Are animals moving in a scale-specific or a scale-free manner? Are they toggling between these modes under different environmental conditions (basically represented by the Lévy flight foraging hypothesis)? This theme has emerged as a hot potato, which does not seem to cool down anytime soon.
For example, Andy Reynolds’ recently replied to no less than nine (!) responses to his recent paper on this topic. The following reference provides an overview:
Reynolds, A. 2015. Venturing beyond the Lévy flight foraging hypothesis: Reply to comments on “Liberating Lévy walk research from the shackles of optimal foraging”. Physics of Life Reviews 14:115–119.
In my book I summarize elements of the debate on scale-free space use, and put it in context of the parallel processing (PP) conjecture. PP is conceptualized as representing the ceiling in the Scaling Cube, which I briefly described in another post.
In the present post, however, I want to draw the attention to another interesting paper:
Breed et al. 2014. Apparent power-law distributions in animal movements can arise from intraspecific interactions. J. R. Soc. Interface 12: 20140927.

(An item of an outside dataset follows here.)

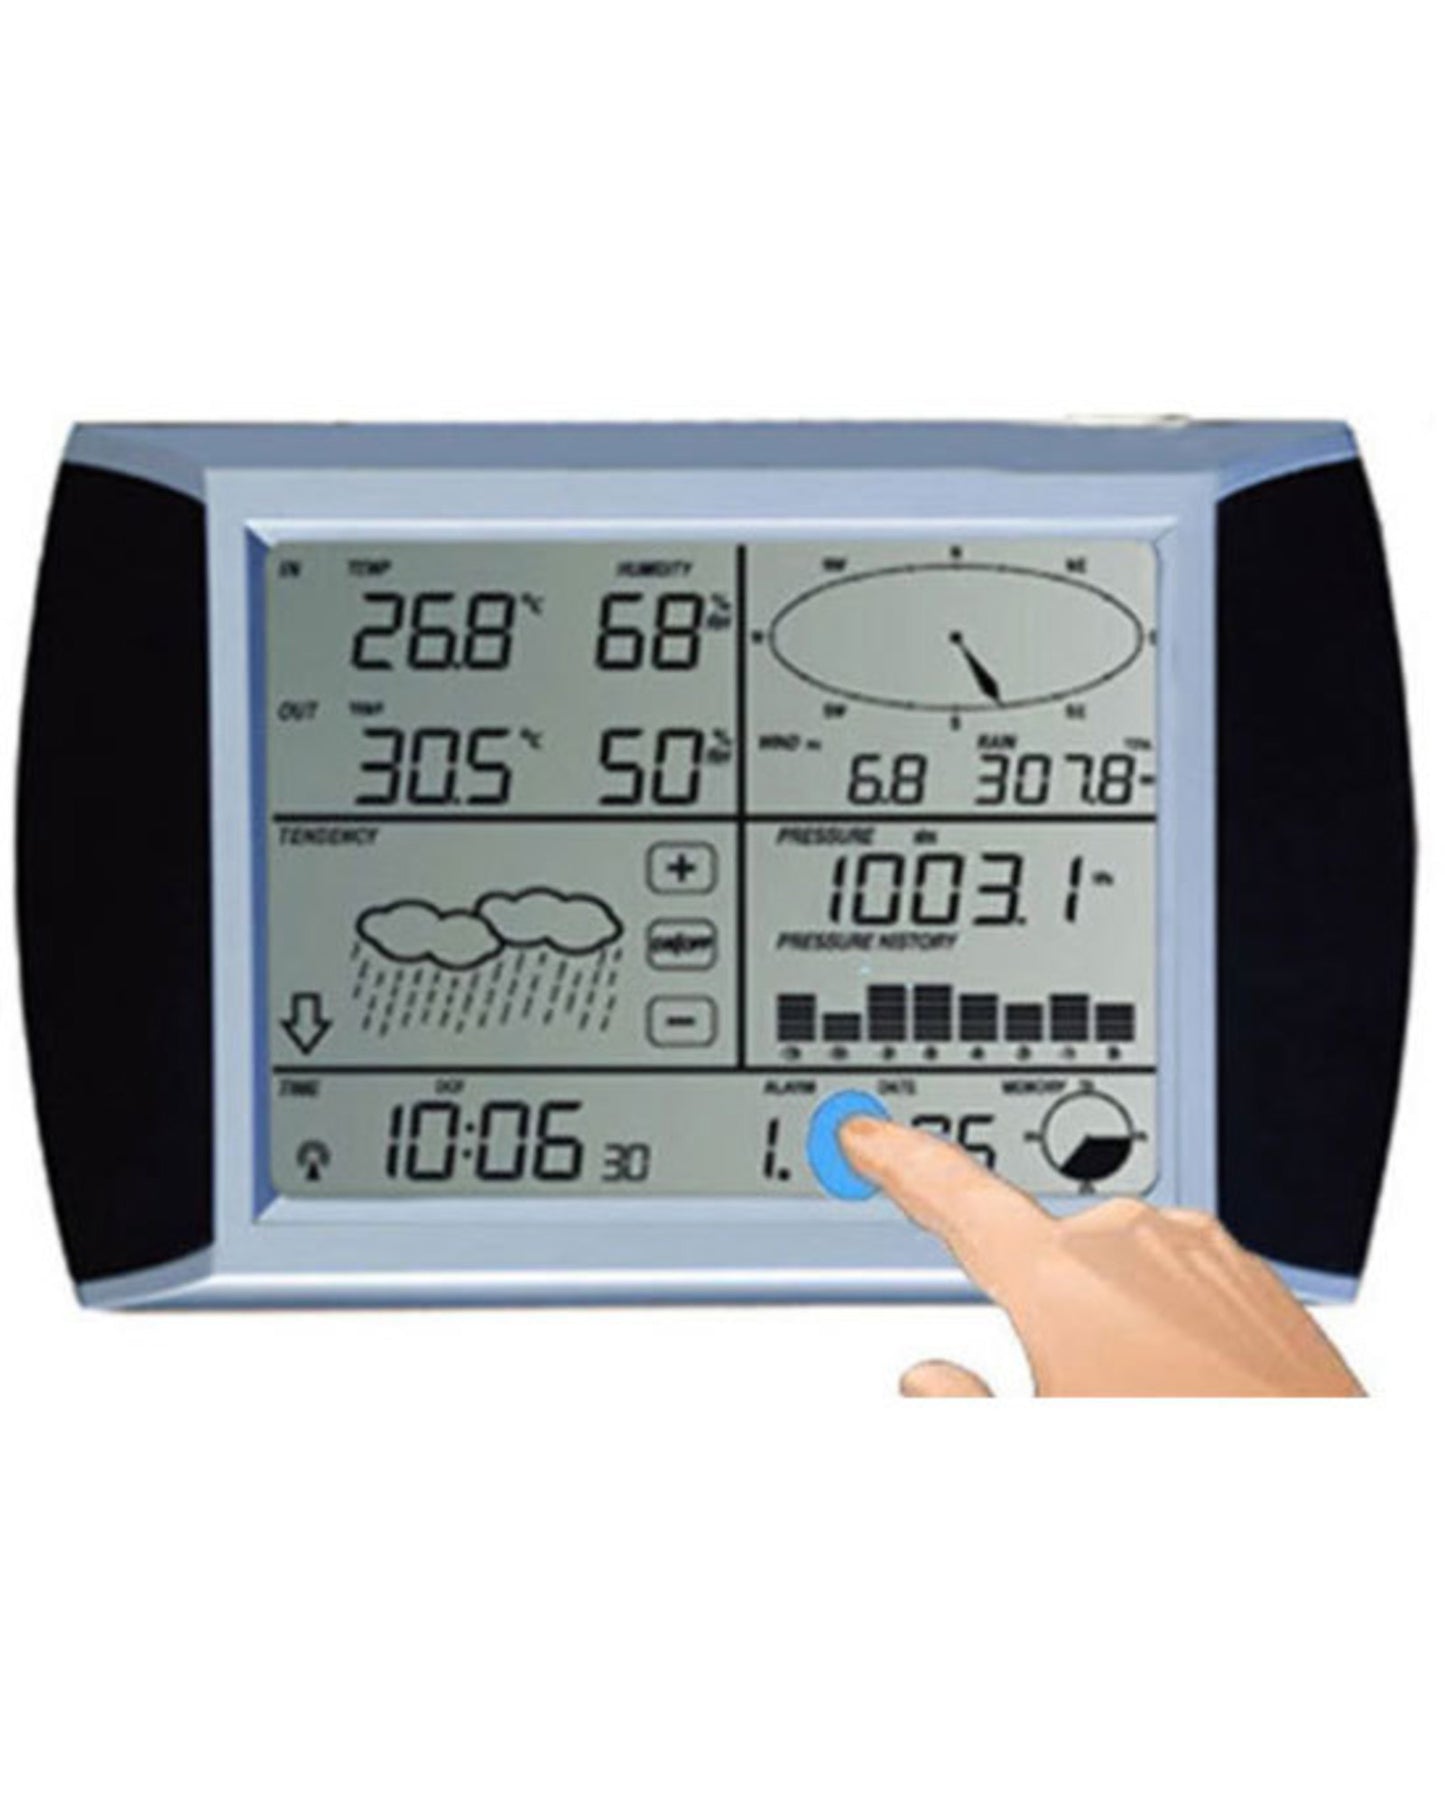 WS1081 Ver3 TESA Solar Powered Touch Panel Weather Center with PC interface

Females of the two butterfly species Baltimore checkerspot and Taylor’s checkerspot were tracked during foraging and other activities, and their locations were collected every 15-20 seconds. The authors provide a very thorough statistical analysis of the respective distributions of step lengths (fix-to-fix lengths during the constant sampling interval). They conclude that these individuals are not performing scale-free (i.e., Lévy-like) movement but a mixture of scale-specific movement bouts with different parameter characteristics. Such “composite walks” imply in this case a superposition of two exponential functions for the pooled step length distribution with different mean step lengths. Consider area-restricted search (the classic ARS model) as an analogy, often referred to as toggling between intensive and extensive moves. However, in the present scenario the more extended type of moves were frequently triggered by harassment by males. The total distribution of both types of movement may then give the wrong impression of a “fat tail”, which is considered an indication of scale-free (power law) movement.

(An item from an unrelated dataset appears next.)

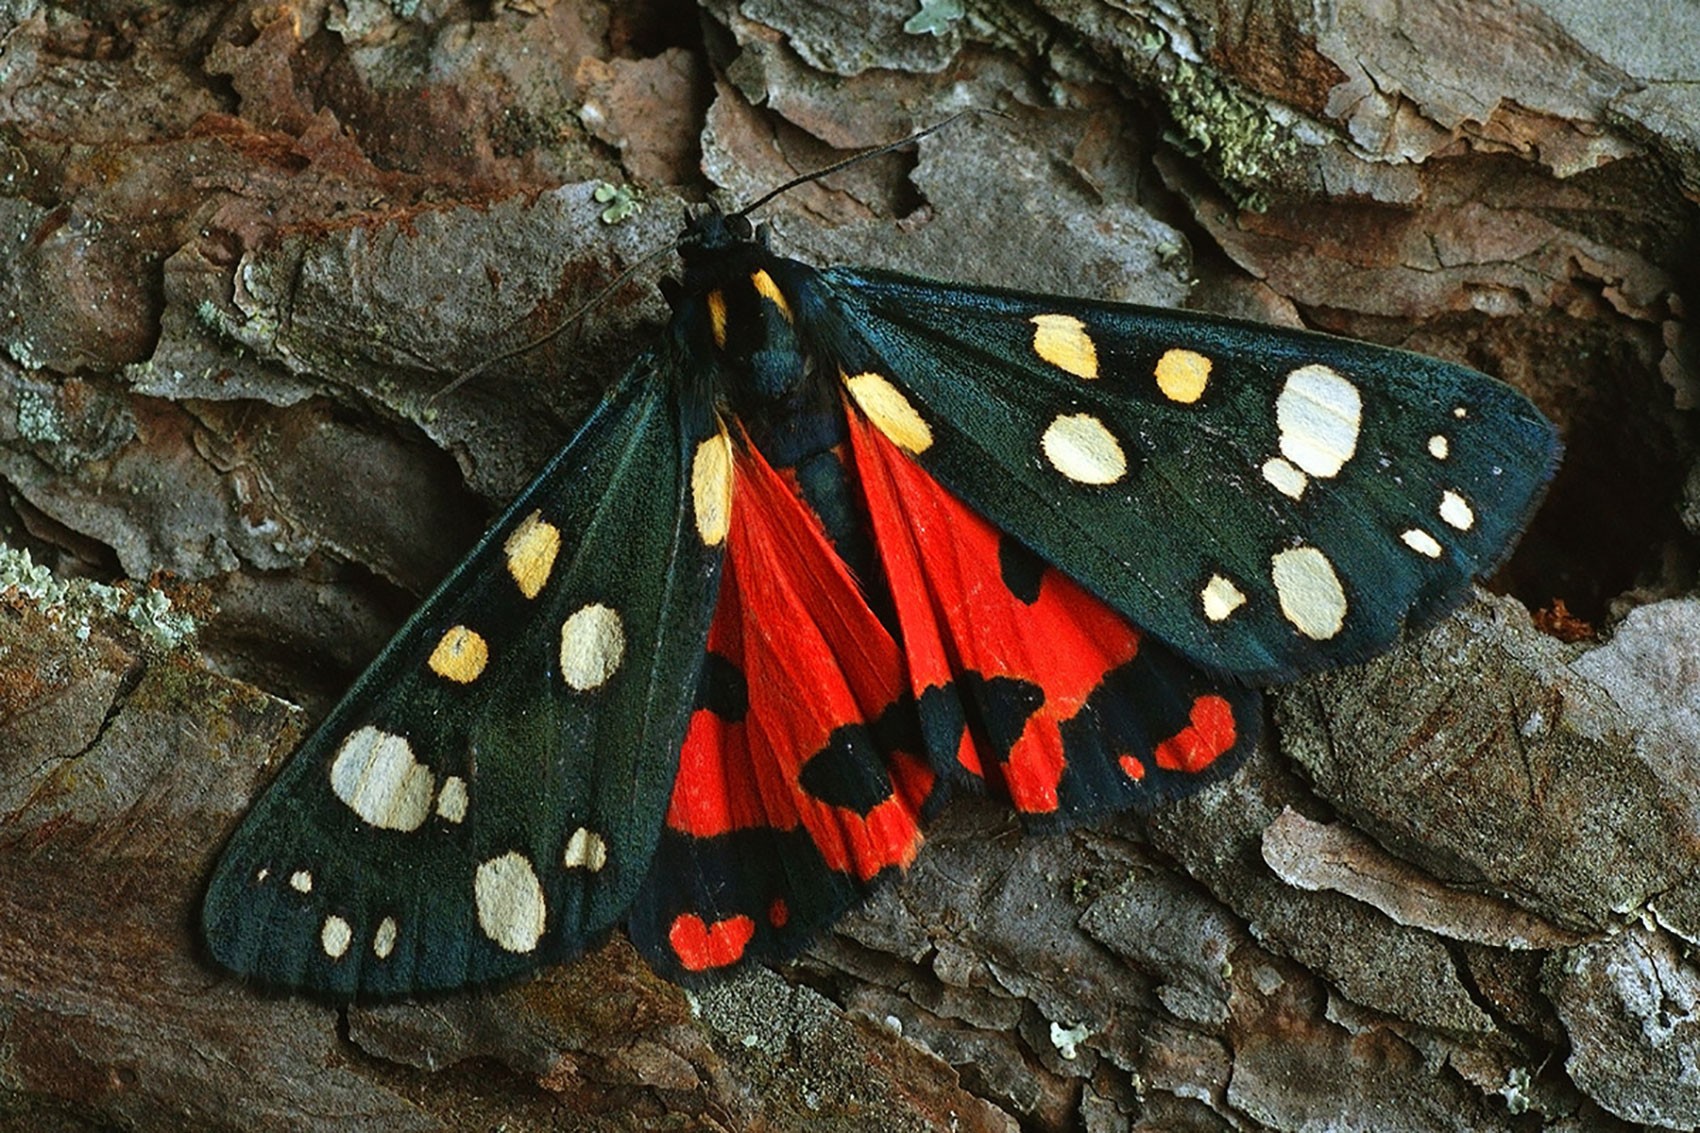 Uk Moths Nine Of The Most Colourful And Distinctive Natural History

This work is a very nice and well executed study, which will probably ignite some responses. The potato will be kept warm. Here are my own preliminary thoughts on the results and conclusions in Breed et al. (2014):
- The authors have chosen to analyze the entire distribution of step lengths, including the relatively high frequency of very small ones. They argue sensibly for their choice: “…short steps were not attributable to observation error and they are numerically important. Thus, we could not justify ignoring some or all of these short steps—often fitting procedures have excluded the shorter steps and only fit the distribution tails.” (p4). My comment to this choice: butterflies can be expected to have spent a considerable amount of time sucking nectar during short displacements (calculated as the distance between successive moves at 15-20 sec. intervals). Such episodes are obviously less dominant during medium and longer range displacements. In other words, the animals may on average have spent a disproportionally smaller part of available time on actual locomotion during intervals with small displacements. Consequently, the number of short steps may then tend to be inflated during periods when the individual is moving slowly, relative to when it is moving faster, when measured at a fixed time scale. This may lead to artificially increased statistical weight of the smallest step lengths and thus to a stronger support for a two-phased kind of scale-specific moves (composite random walk) relative to – for example – power law (Lévy-like) movement.

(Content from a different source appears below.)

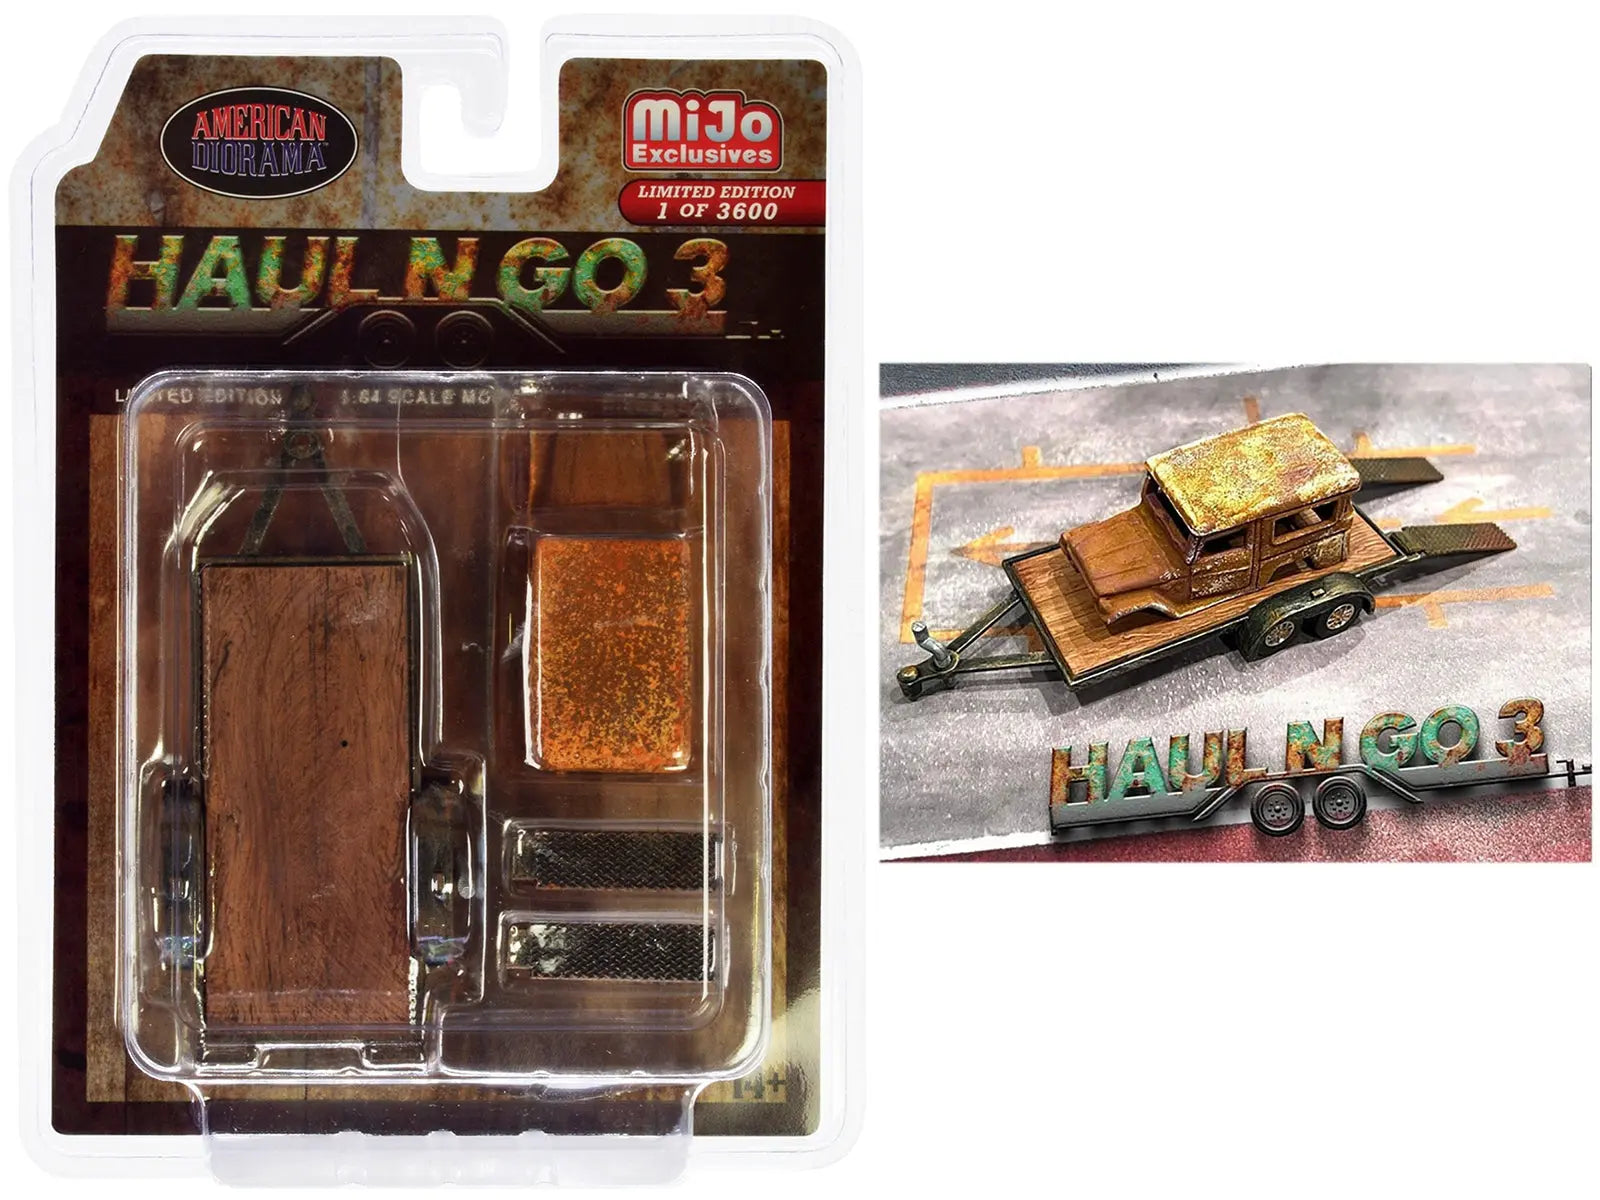 "Haul N Go 3" 4 piece Diecast Model Set (1 Flatbed Trailer 1 Abandoned Car 2 Ramps) Limited Edition to 3600 pieces Worldwide for 1/64 scale models by American Diorama American Diorama

- This effect could perhaps easily be adjusted for? If – for example – the butterflies on average spent x% of the time nectar-feeding during displacements belonging in a given distribution bin, the number of steps in this bin could artificially be reduced by x% (random removal) prior to performing the statistical analysis. If x is substantially larger for small-step bins than for larger bins such an adjustment may be critically important.
- A long-lasting challenge with respect to differentiating between a composite random walk and a true scale-free walk is the fact that the former may easily appear scale-free in statistical tests if the exponential function parameters and the respective components’ frequency of occurrence are “tuned” towards fitting a scale-free distribution of steps (Benhamou, S. 2007. How many animals really do the Lévy walk? Ecology 88: 1962-1969). However, in my book I summarize two very simple methods to distinguish a composite walk – “a Lévy walk in disguise” – from a true scale-free walk; the coarse-graining method (Gautestad, A. O. 2013. Animal space use: Distinguishing a two-level superposition of scale-specific walks from scale-free Lévy walk. Oikos 122: 612-620) and the parallel shift method (Gautestad, A. O. 2012. Brownian motion or Lévy walk? Stepping towards an extended statistical mechanics for animal locomotion. Journal of the Royal Society Interface 9: 2332-2340). More statistically sophisticated methods have also been proposed (Auger-Methe et al. 2015. Differentiating the Lévy walk from a composite correlated random walk. Methods in Ecology and Evolution 6: 1179–118). However, a prerequisite for applying these tests is a large data set, particularly since the coarse-graining method and the parallel shift method depends on studying the distribution of step lengths as the sampling interval is varied (in practice, the original set of relocations is sub-sampled). This requirement probably exclude the application of these tests on the present material, where each series is relatively short (still impressive from a field ecologist’s perspective, I may add).